The emotions laid bare in this public spat between Michel Houellebecq and his mother are surprisingly common, if somewhat unfashionably Freudian. “Much is made of the Oedipus complex, and the triadic relationship between mother, father and son,” says Dr Avi Shmueli, a psychoanalyst with the Anna Freud Centre in London. “But it is more accurate to say that each of us is born with an immature sexual identity and aggressive impulses, and these are played out with the primary care giver, usually the mother.”

A boy may explore his sexuality with his mother in his early years, discovering his own body and hers, as well as the differences between them. But eventually he has to come to terms with the fact that her body isn’t exclusively his, and that he’s in competition with others for her attention. “Usually this competition is with the father,” says psychotherapist Brett Kahr. In some cases the mother bonds with her son to the exclusion of his father, a situation that can create rivalry and sexual jealousy between father and son as well as an inability to form sexual relationships later in life, but in Houellebecq’s case, “to be a little boy, and to know that your mother has gone off to be a sexual libertarian, is to feel constantly replaced by each new sexual arrival, constantly pushed down the pecking order”.

This sense of displacement, combined with the abandonment of being left to be cared for by others, can have deep-seated psychological effects. “The adult son may feel rage, hatred and even sexual undesirability,” says Kahr. “He senses he is somehow not of sufficient interest to his mother, and rejects her lifestyle and her choices.”

For Ceccaldi, the emotional fallout will be equally complex. “Some of us find it incredibly hard to be parents, but live with a deep regret for having left our child,” says Kahr. This can turn to resentment and even anger towards the child.
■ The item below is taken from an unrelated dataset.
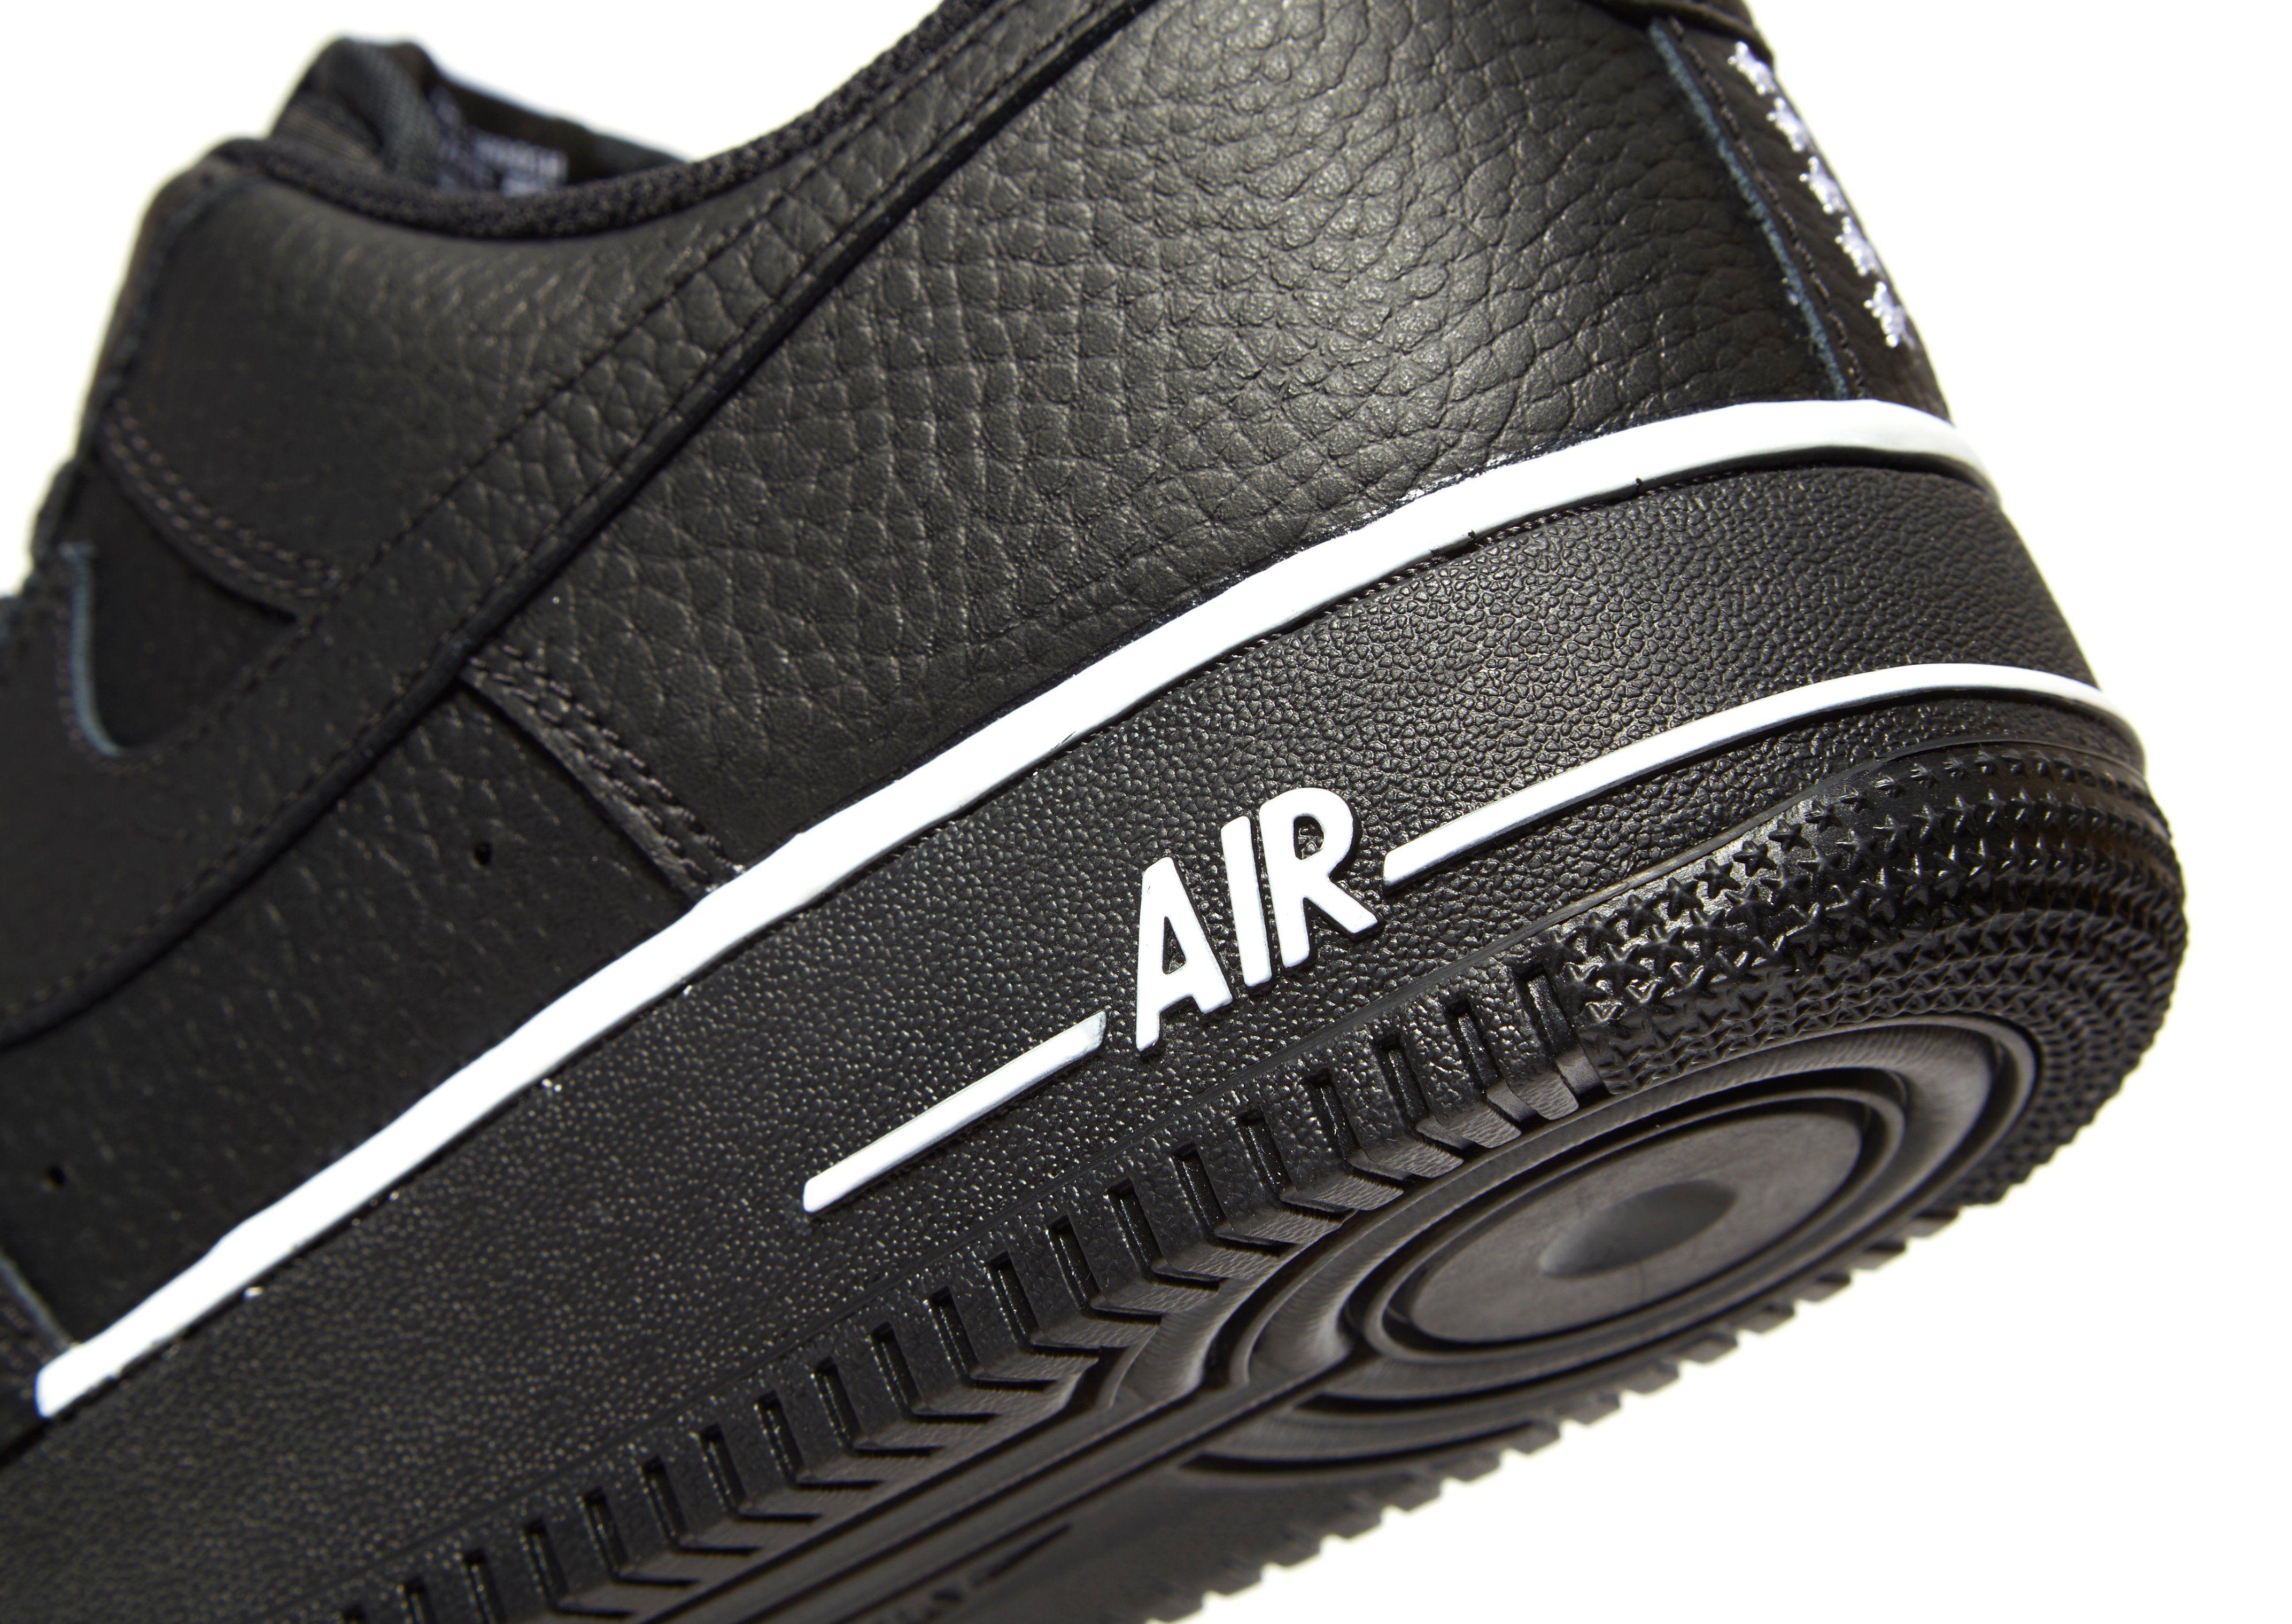 Nike Air Force 1 Low Schwarz-Weiß

“Hatred is a very instinctive emotion,” says Shmueli. “As every mother knows, a screaming baby can drive you mad, and at times you want to murder it. That doesn’t mean you’ll actually do it, or that there aren’t other aspects of you that love it, but in that moment there’s a need for self-preservation. A mother’s occasional hatred for her child preserves her sense of self and the choices she has made.”

Houellebecq’s anger may also be a form of self-preservation. “But it maintains a relationship as well,” says Shmueli. “It makes him feel closer to her. Hatred is easier to deal with than that more profound sense of loss that comes with bereavement, for example. Hating someone does not imply that you’ll never have a positive relationship with them. What it suggests is that this is a passionate relationship with extremes of emotion, both negative and positive, and there is work to be done.”